The fund achieved an annual average return of 15.29 percent (in rands) over three years, according to ProfileData. The benchmark for the global equity general sub-category, the MSCI World Index, returned an average of 11.33 percent a year over the same period. The 30 funds in the sub-category with a performance history of three years returned an average of 10.61 percent a year.
Global equity general funds must invest at least 80 percent in equity markets outside of South Africa at all times.
The fund has proved to be a consistent performer over the long term: achieving the best return (12.89 percent versus the MSCI’s 9.56 percent) over 20 years; 9.06 percent (versus 4.68 percent) over 15 years and 22.15 percent (versus 15.65 percent) over seven years. It was also second-best over 10 years with 12.24 percent (MSCI: 8.59 percent; the top-performer: 13.25 percent).
The Global Equity General Fund also received the certificate for the best South African-domiciled global equity general fund on a risk-adjusted basis over five years to December 31, 2016. The award of five PlexCrowns in the global equity general sub-category means it delivered the best consistent returns without too much risk.
The fund is a product of Old Mutual Global Investors (OMGI), based in London. Its managers are Ian Heslop, the head of the global equities team at OMGI, Amadeo Alentorn and Mike Servent.

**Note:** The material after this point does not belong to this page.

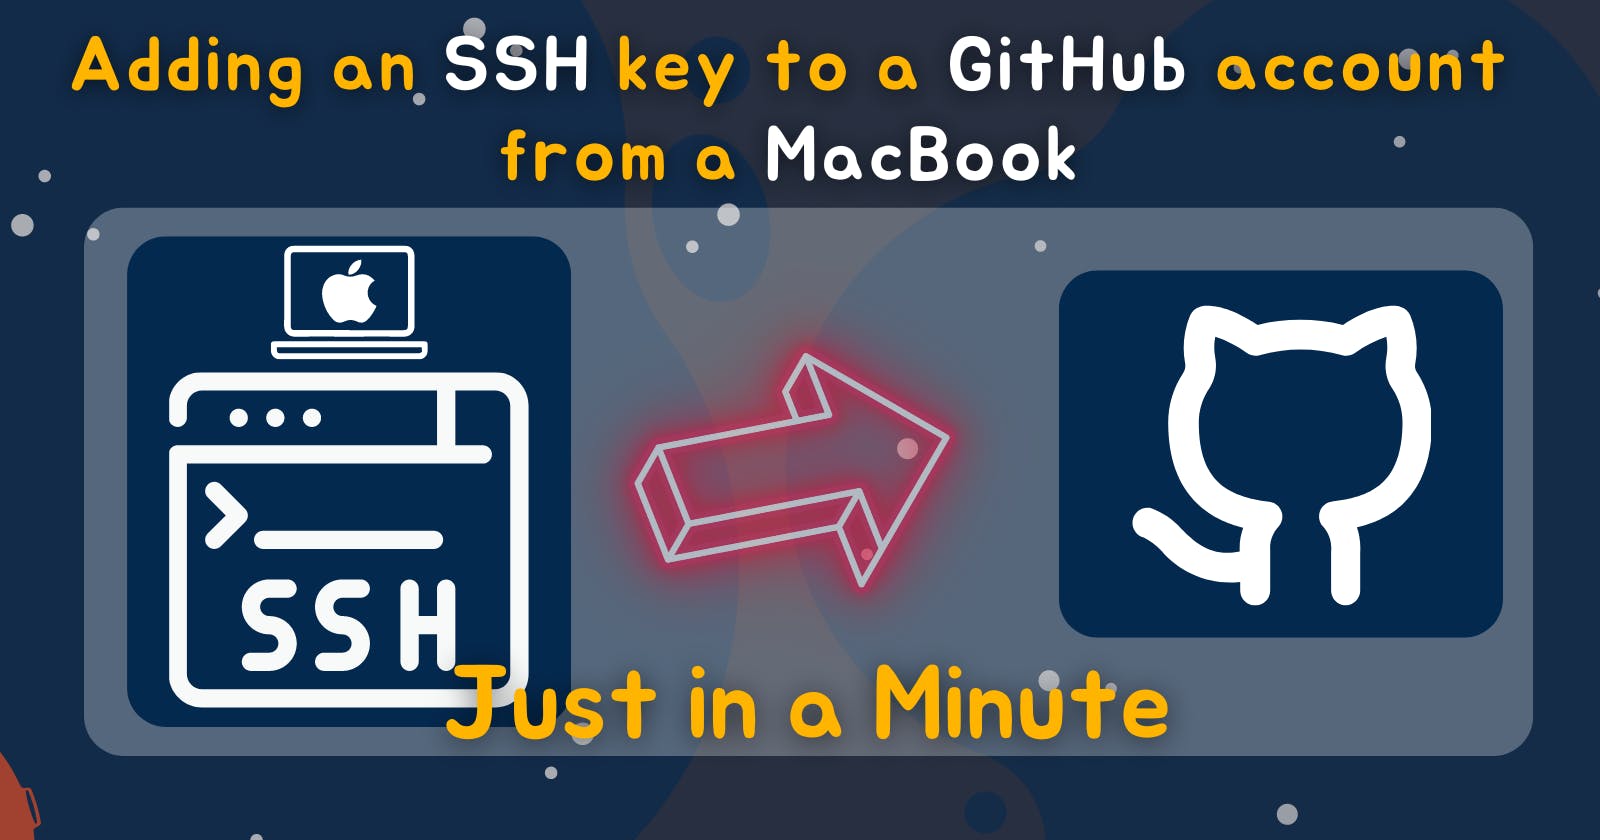 Adding an SSH key to your GitHub account from a MacBook

The team uses five strategies to identify shares that are mispriced – in other words, companies whose share prices are not a true reflection of their inherent value. The strategies are:
• Dynamic valuation: identifies shares that are undervalued, although the companies have strong balance sheets.
• Market dynamics: identifies shares that will benefit from economic trends, but whose prices do not reflect the expected benefits.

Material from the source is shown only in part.